In: Statistics and Probability
A Realtor is interested in modeling the selling price of houses based on the square footage and the age of the house. The data was collected in the two largest cities in Arkansas and is presented here.
Square footage X1 Age in years X2 style Selling price Y
775 37 Traditional 28,000
700 49 Traditional 34,000
720 54 Traditional 34,500
864 37 Rambler 39,900
650 35 Traditional 40,000
780 79 Victorian 41,500
900 48 Traditional 42,500
816 35 Rambler 53,500
1800 17 Victorian 57,000
1340 66 Victorian 59,000
1800 18 Rambler 59,500
1124 34 Traditional 62,000
2880 24 Victorian 68,500
1480 75 Rambler 72,500
1652 94 Victorian 70,000
2088 71 Victorian 73,112
1700 34 Traditional 76,780
1262 78 Rambler 77,350
1500 54 Victorian 85,590
1200 35 Victorian 79,900
650 45 Traditional 48,100
We need two indicator variables for the style of the house. I will choose Traditional as the base category.
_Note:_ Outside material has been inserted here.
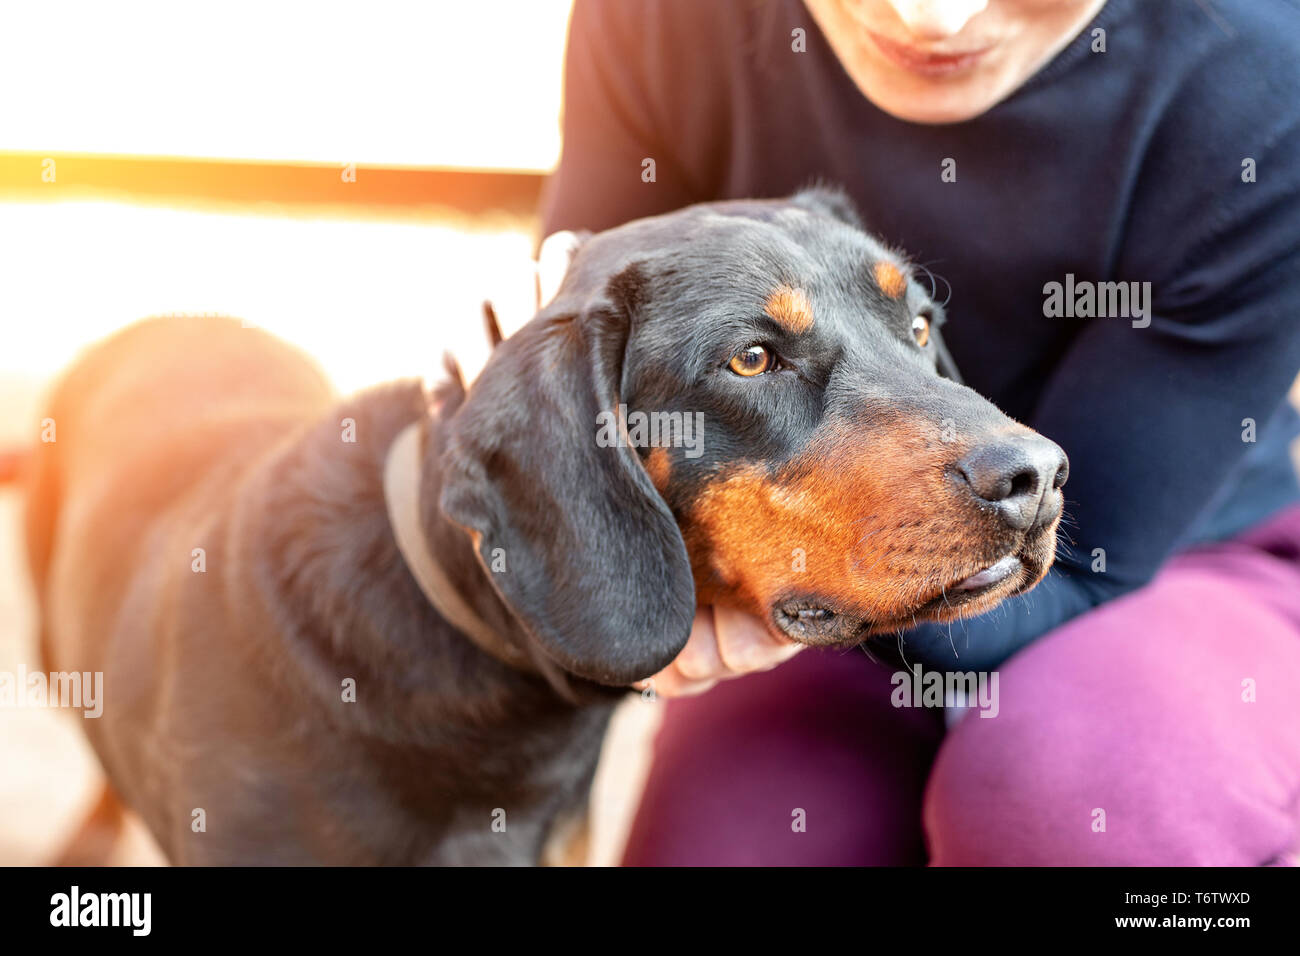 Femalel owner hugging with young german hunting terrier dog outdoors on bright sunny day. Purebred adorable Jagdterrier puppy. Stock Photo

I rambler = { 1 if house is a rambler; 0 if not Ivictor = { 1 if house is victorian; 0 if not
When entering the data do not use the commas
1. Plot y vs. x1 and y vs. x2. Do you see any curvature in these 2 plots? If so what can be suggested about the variables? Now what model do you think needs to be used.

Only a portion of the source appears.